# Emptying toilets



## lindybell (Jun 9, 2007)

Hi

We were in Lymington/Keyhaven in Hampshire last weekend. We were parked on a road leading to the beach where we planned to stay overnight with one or two other vans doing the same.

About 9pm, still daylight, we could see some activity up ahead from the van about 100yds in front of us. We were intrigued until we realised what was happening.

The footpath at the side of the vans was raised and down the other side (away from the road) in full view of us and anyone else who happened to go past and very close to the footpath they started to dig a hole. Next thing out came the toilet tank and contents deposited in said hole!

There is a toilet block just 1 mile down the road I would have thought that might have been better than digging a hole next to a pubilc footpath.

I was shocked to say the least. Its a great place to park, no restrictions for motor caravans no parking meters or nonsense like that. How long will it be though before Motor caravans are banned if this is what is happening.

We enjoy wild parking when we can but when we need to empty our toilet or fill up with water then we go on a site and pay for the privilege.

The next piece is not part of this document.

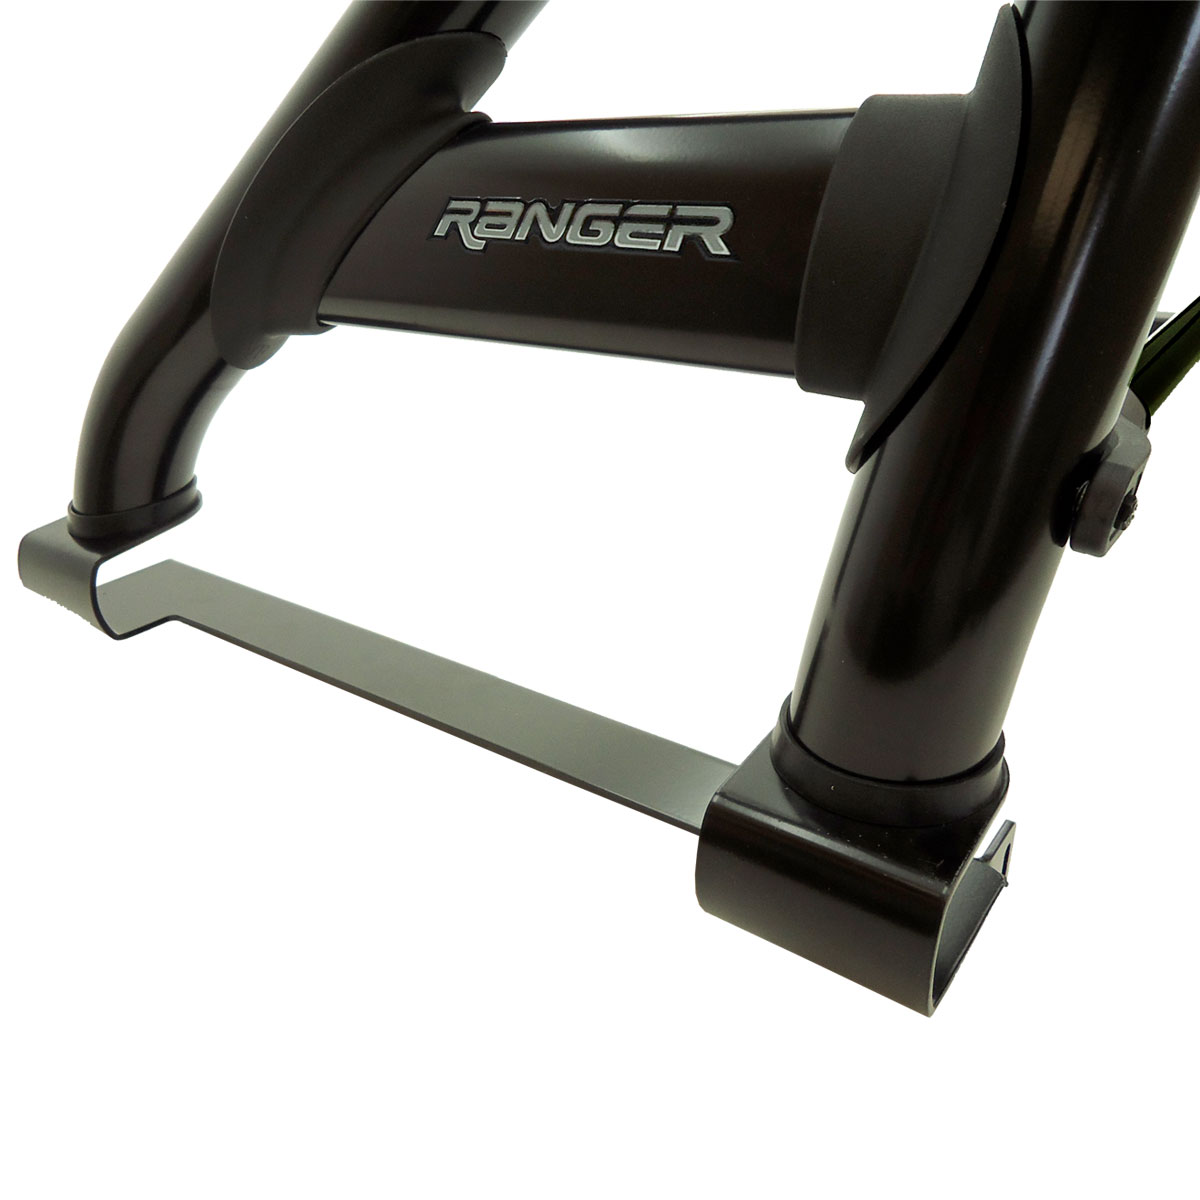 Santo antônio duplo preto Ranger 1994 a 2012 com barras de vidro

Perhaps its just me but I would be keen to hear any one else's point of view on this.

Lindybell


----------



## Suenliam (Mar 22, 2006)

disgusting :x :x :x 

Why is this in the France touring bit? French toilets are much improved and although some French people do tend to use the countryside as a big toilet, I have never seen anyone there do such a thing. Perhaps this is a good enough reason to get disposal facilities about the countryside here?

Sue


----------



## Suenliam (Mar 22, 2006)

Just had another thought - if people could do such a thing I'm a bit surprised they even bothered to dig a hole first.

Sue


----------



## erneboy (Feb 8, 2007)

Not that I would do it but I remember reading in a leaflet from one of the clubs that this was OK, Alan


----------



## peedee (May 10, 2005)

It is quite a common practice on rallies in farmers fields if there is not another alternative. And as for fulltimers on the canals they dump it by the tow path all the time if they are using casette toilets and have no holding tanks.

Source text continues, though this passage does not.